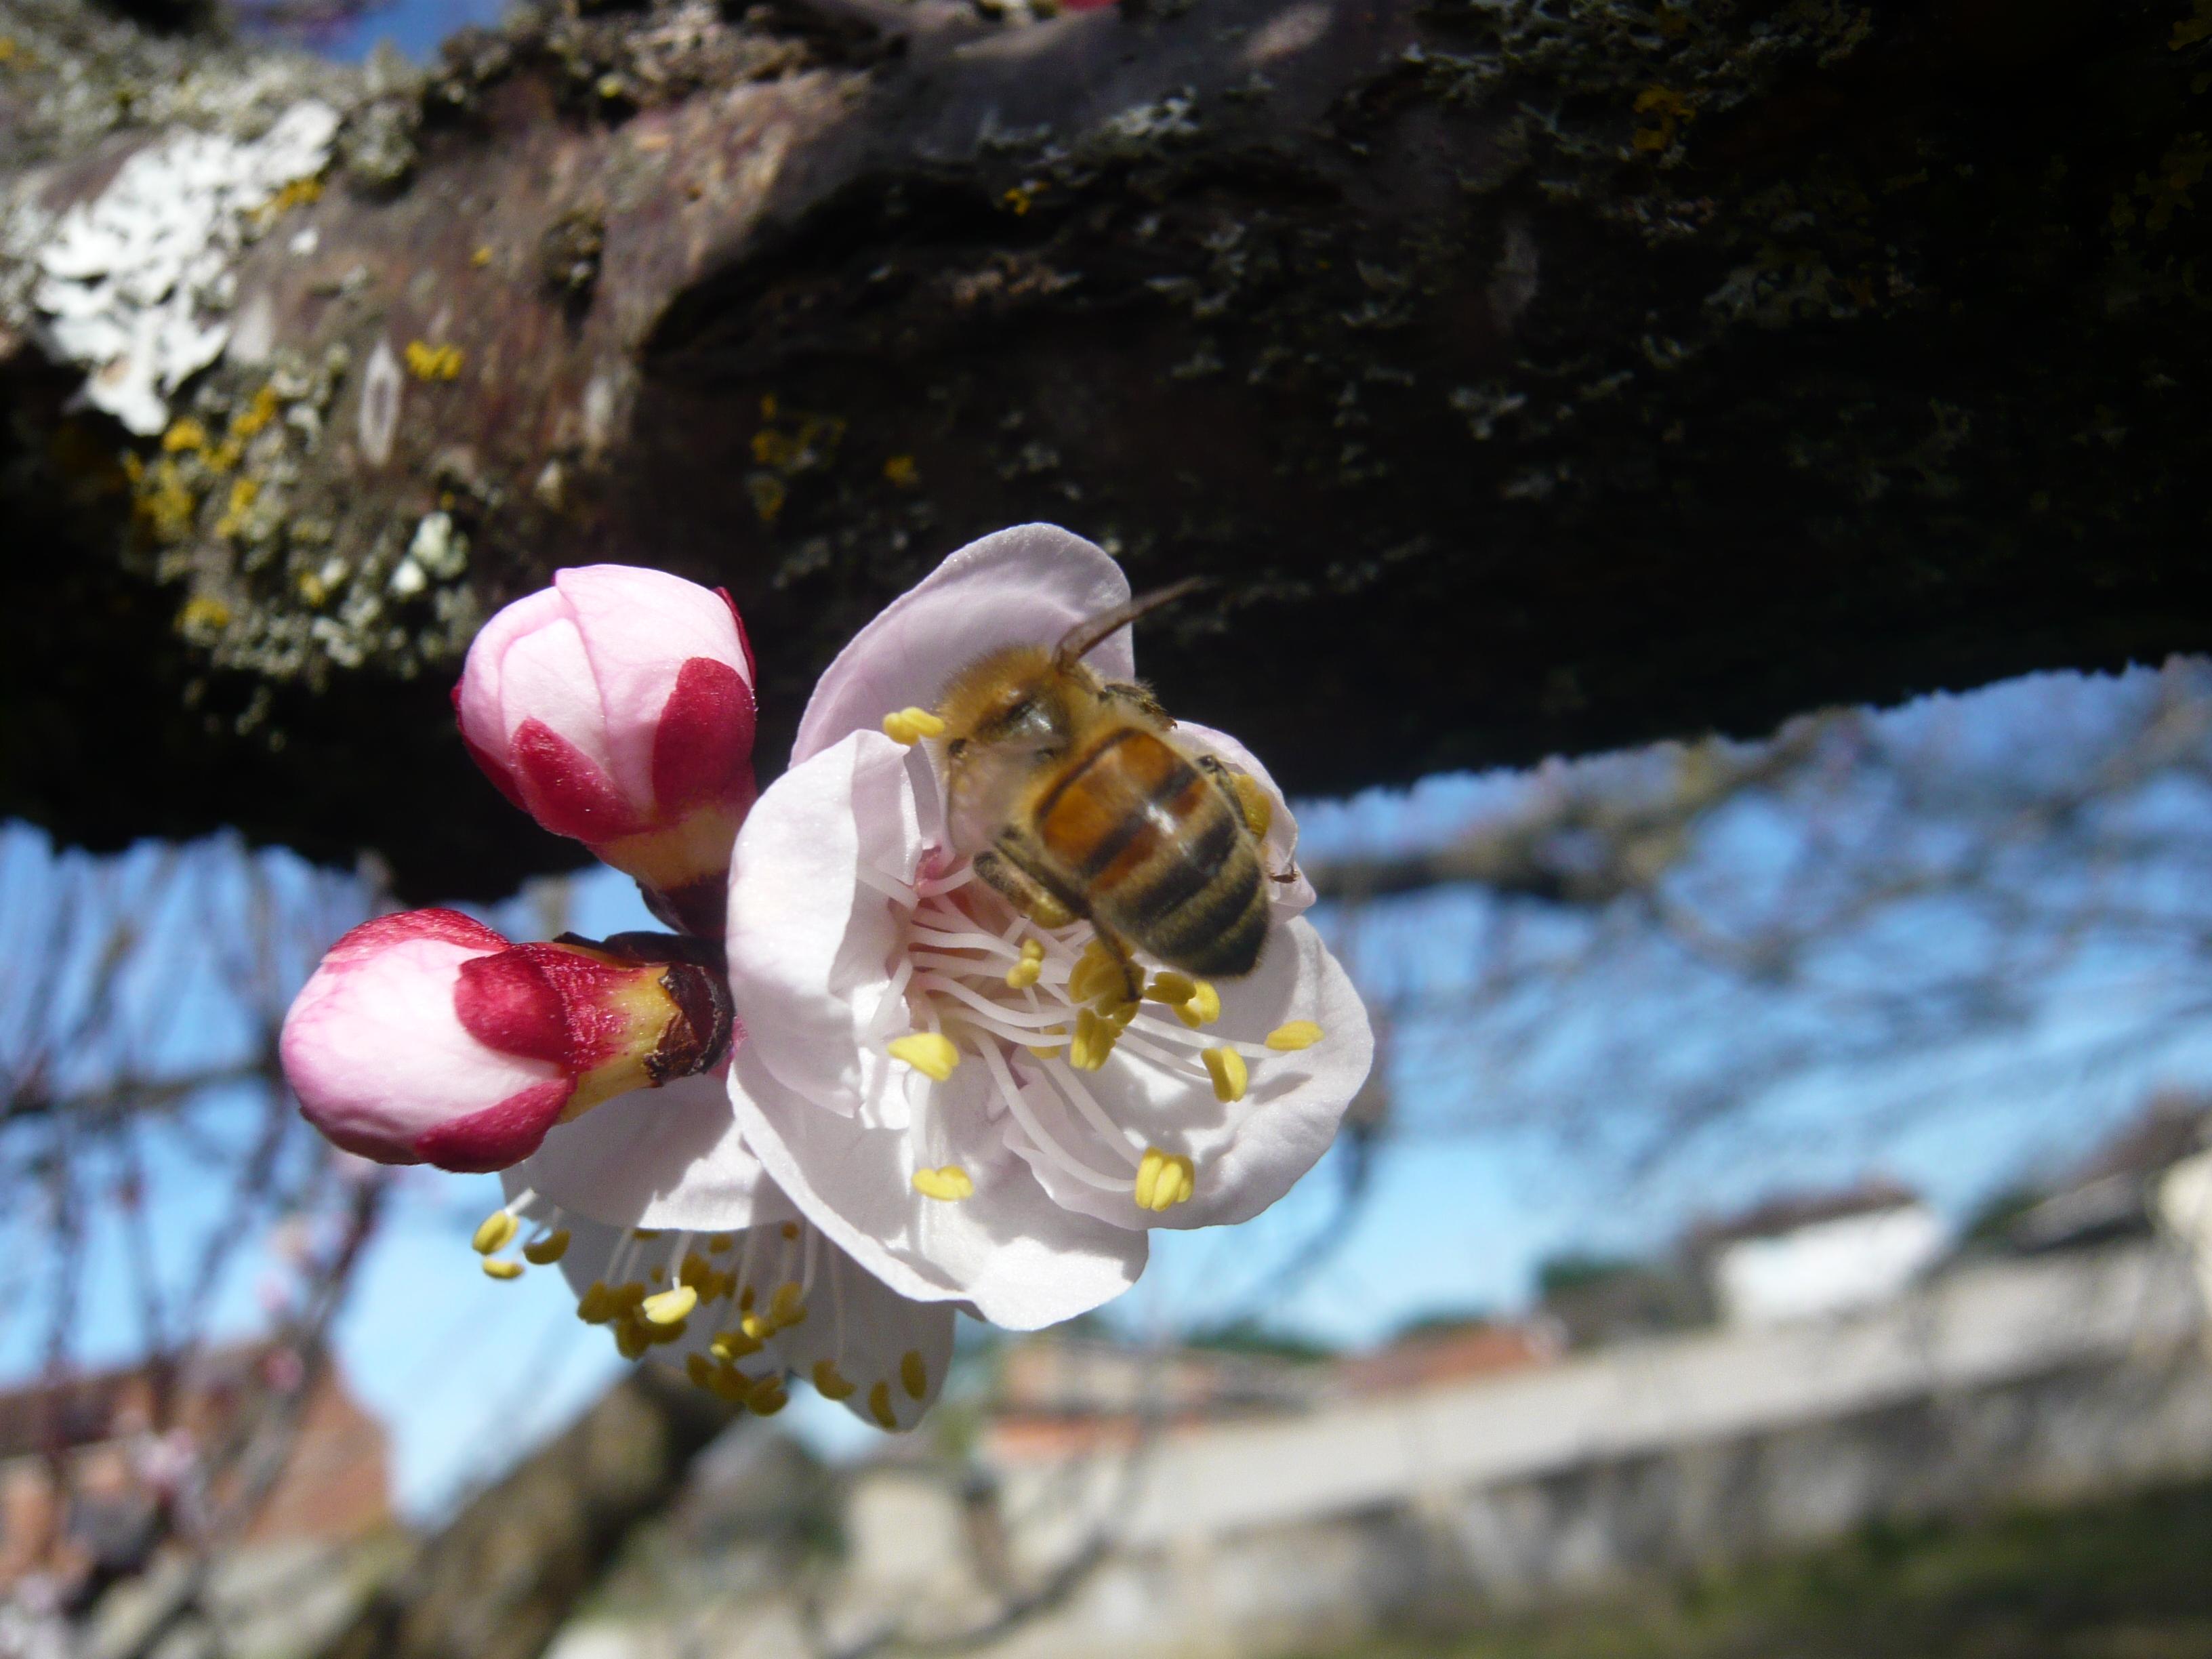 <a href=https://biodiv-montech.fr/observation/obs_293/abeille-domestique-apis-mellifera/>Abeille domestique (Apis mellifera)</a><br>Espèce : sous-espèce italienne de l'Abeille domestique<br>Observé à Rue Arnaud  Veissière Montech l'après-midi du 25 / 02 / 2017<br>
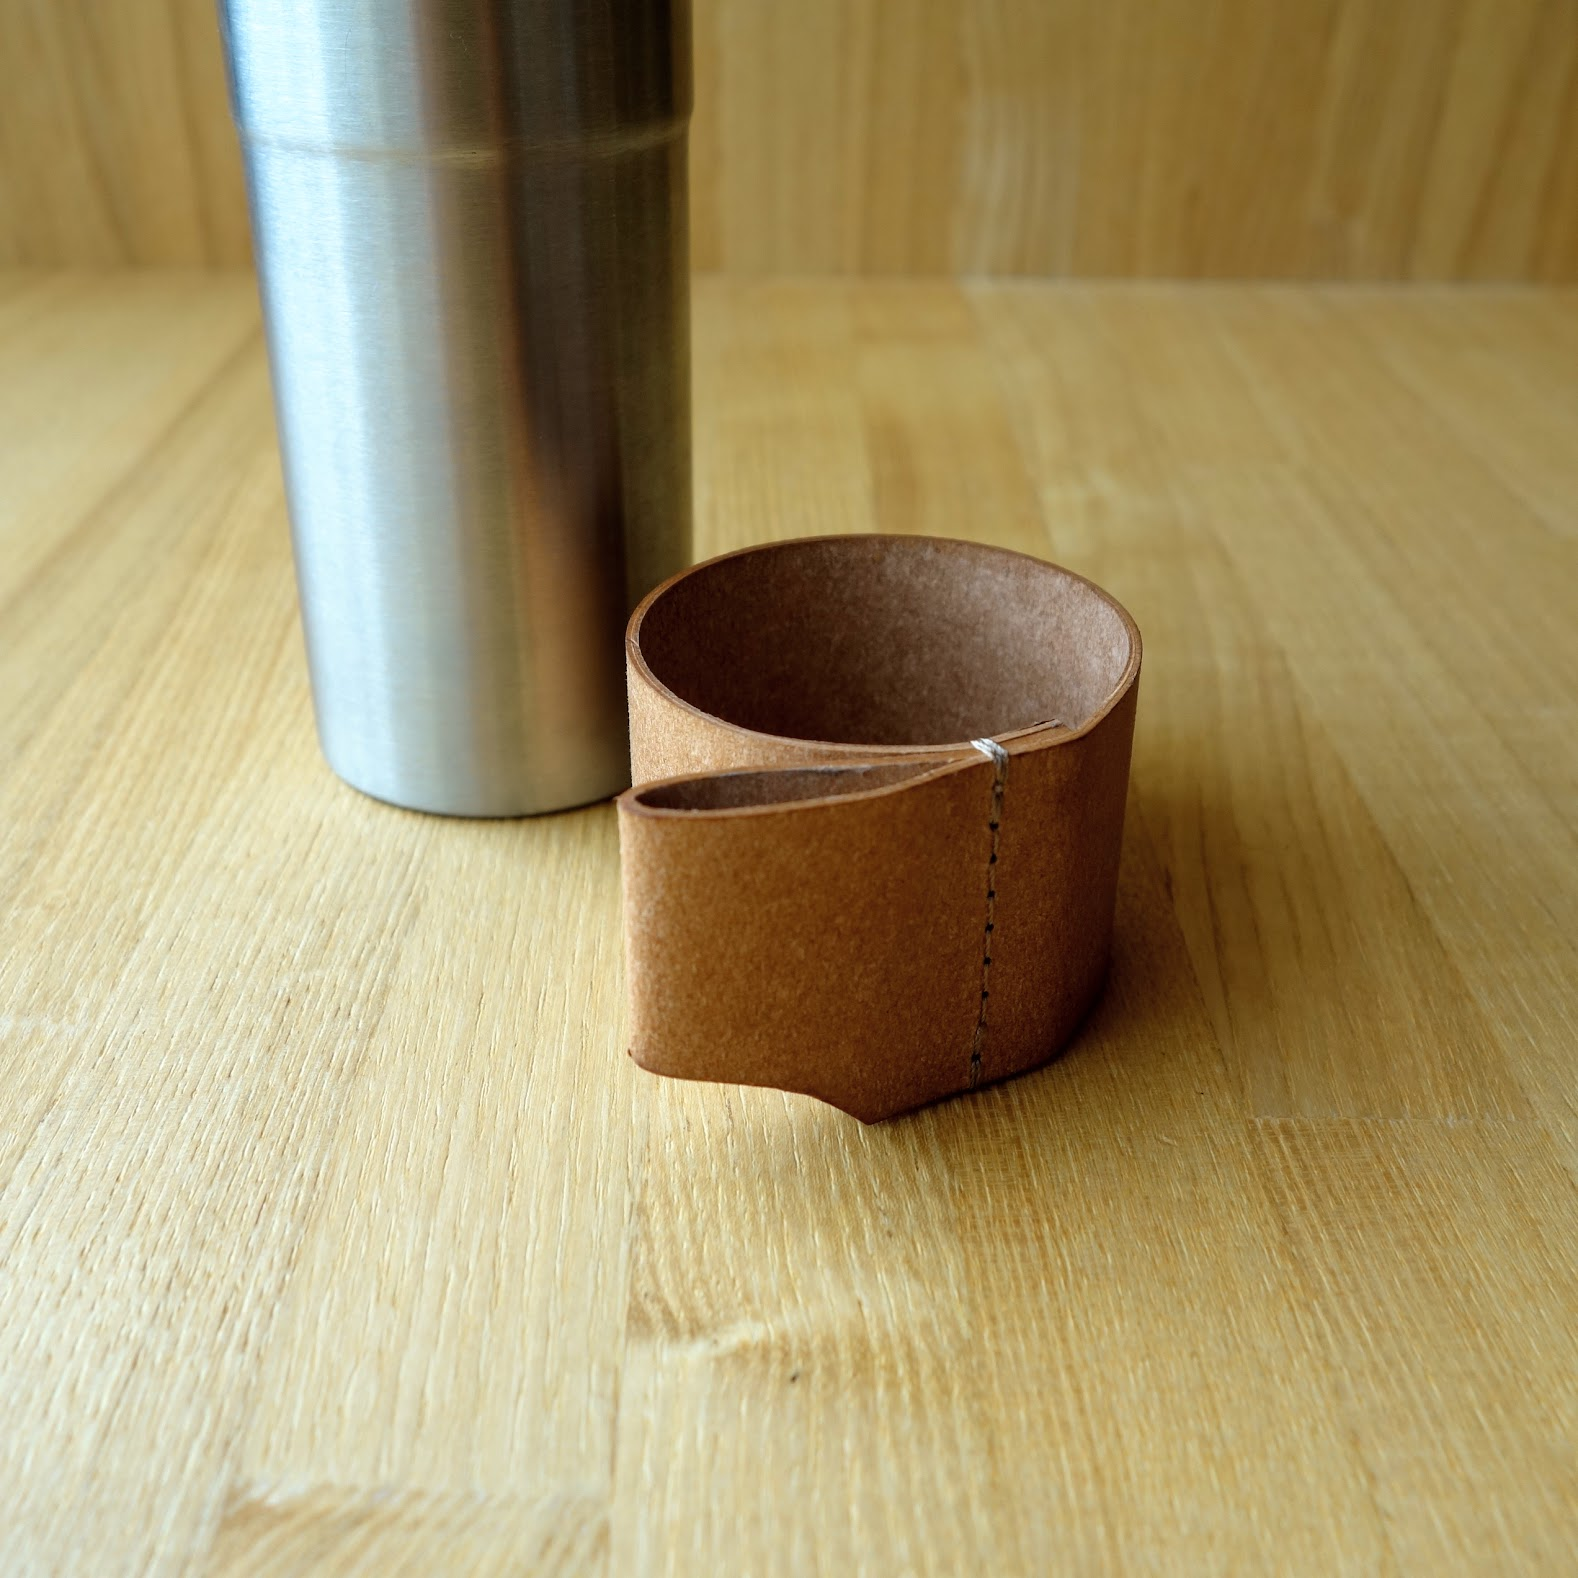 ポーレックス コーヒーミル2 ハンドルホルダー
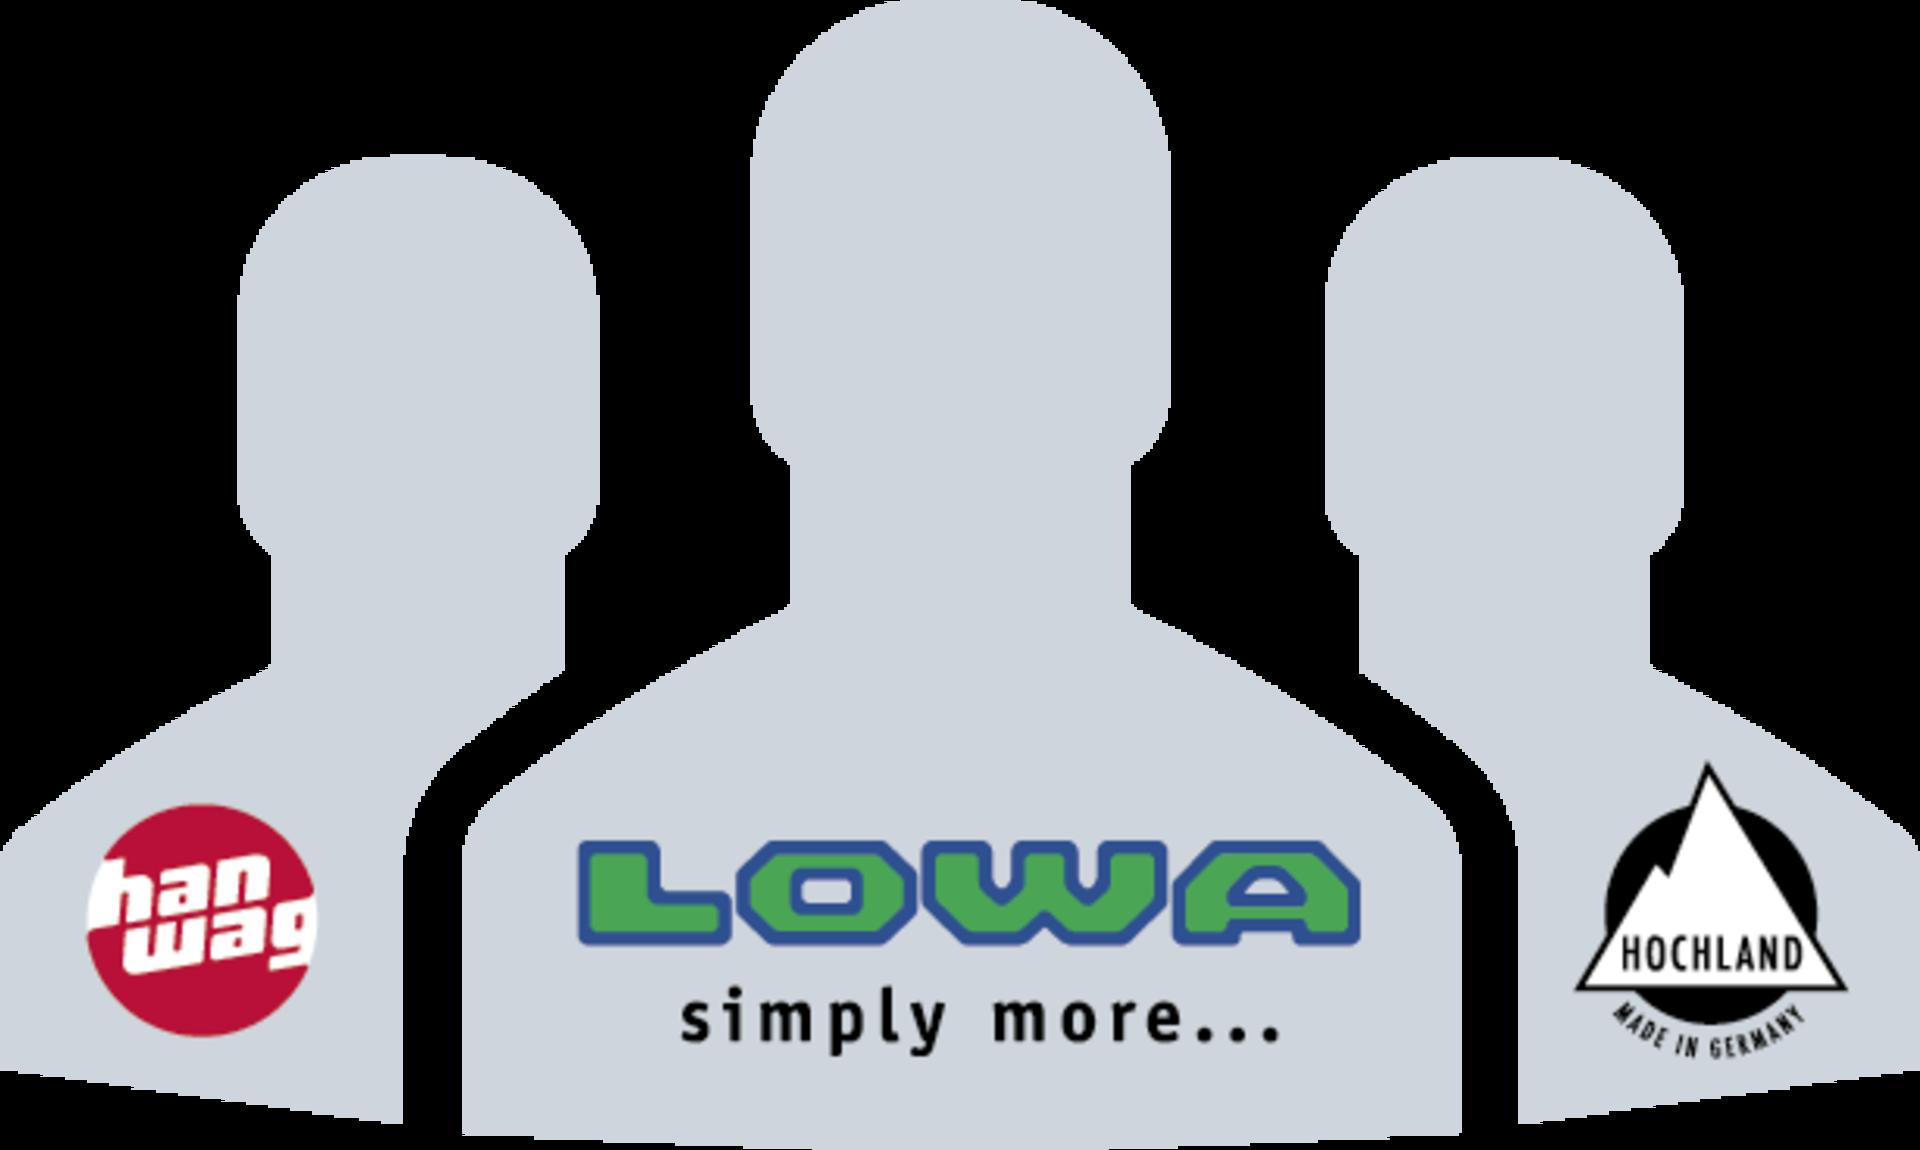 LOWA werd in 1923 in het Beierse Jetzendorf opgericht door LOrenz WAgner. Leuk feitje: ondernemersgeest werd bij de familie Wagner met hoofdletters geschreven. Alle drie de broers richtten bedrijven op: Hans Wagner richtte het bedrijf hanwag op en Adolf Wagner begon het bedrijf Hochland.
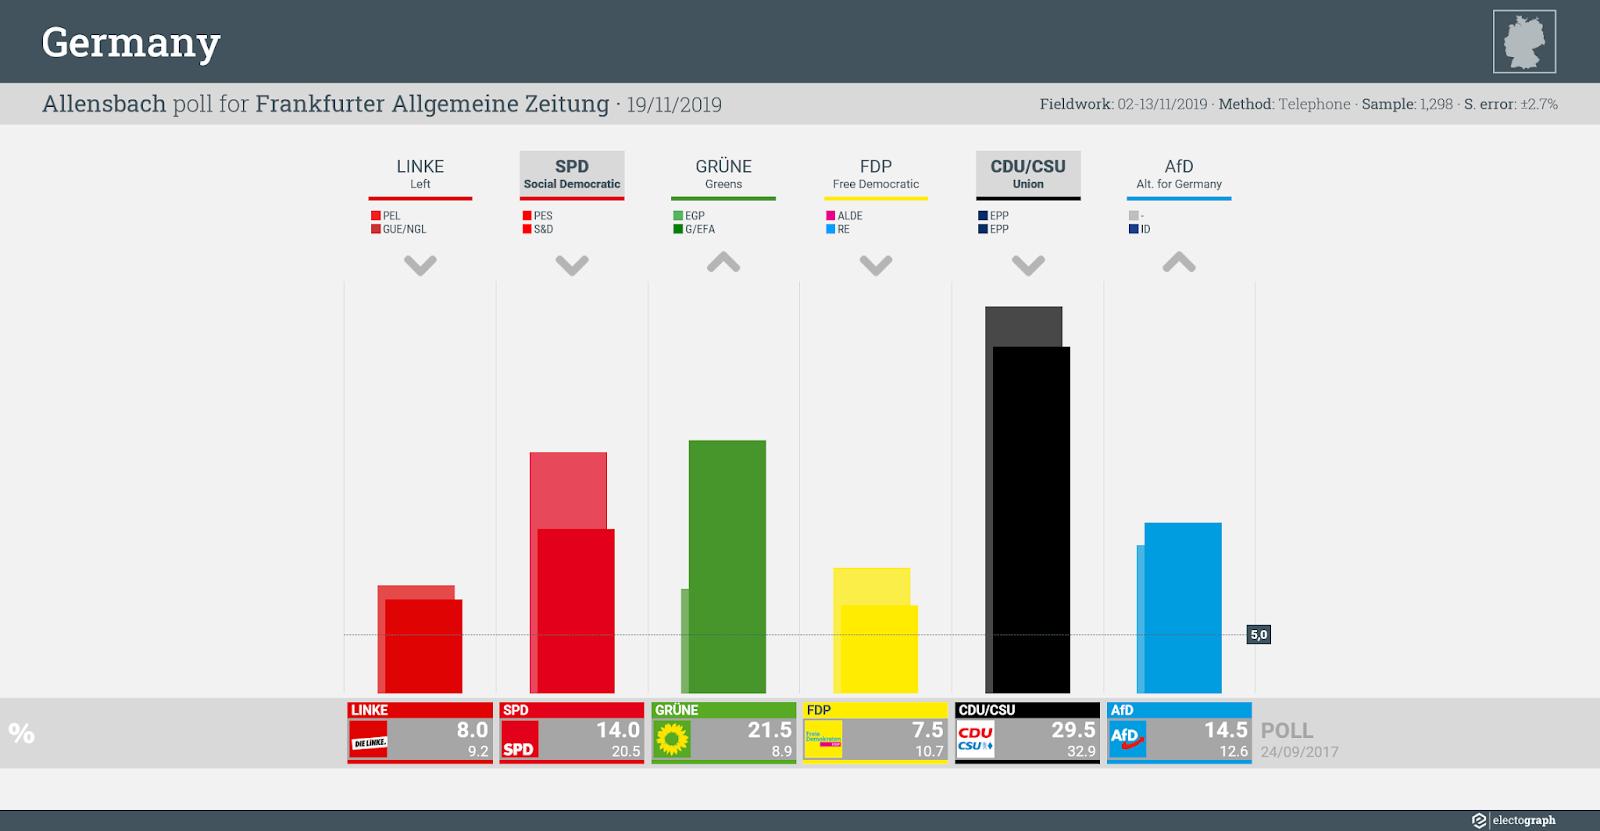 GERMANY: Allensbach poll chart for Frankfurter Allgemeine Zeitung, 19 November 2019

----------------

● **PROBLEM STATEMENT**: Reproduce all the data as it stands. The pictures are not part of the copy.

● **WRITTEN SOLUTION**:
 <a href=https://biodiv-montech.fr/observation/obs_293/abeille-domestique-apis-mellifera/>Abeille domestique (Apis mellifera)</a><br>Espèce : sous-espèce italienne de l'Abeille domestique<br>Observé à Rue Arnaud  Veissière Montech l'après-midi du 25 / 02 / 2017<br>
 ポーレックス コーヒーミル2 ハンドルホルダー
 LOWA werd in 1923 in het Beierse Jetzendorf opgericht door LOrenz WAgner. Leuk feitje: ondernemersgeest werd bij de familie Wagner met hoofdletters geschreven. Alle drie de broers richtten bedrijven op: Hans Wagner richtte het bedrijf hanwag op en Adolf Wagner begon het bedrijf Hochland.
 GERMANY: Allensbach poll chart for Frankfurter Allgemeine Zeitung, 19 November 2019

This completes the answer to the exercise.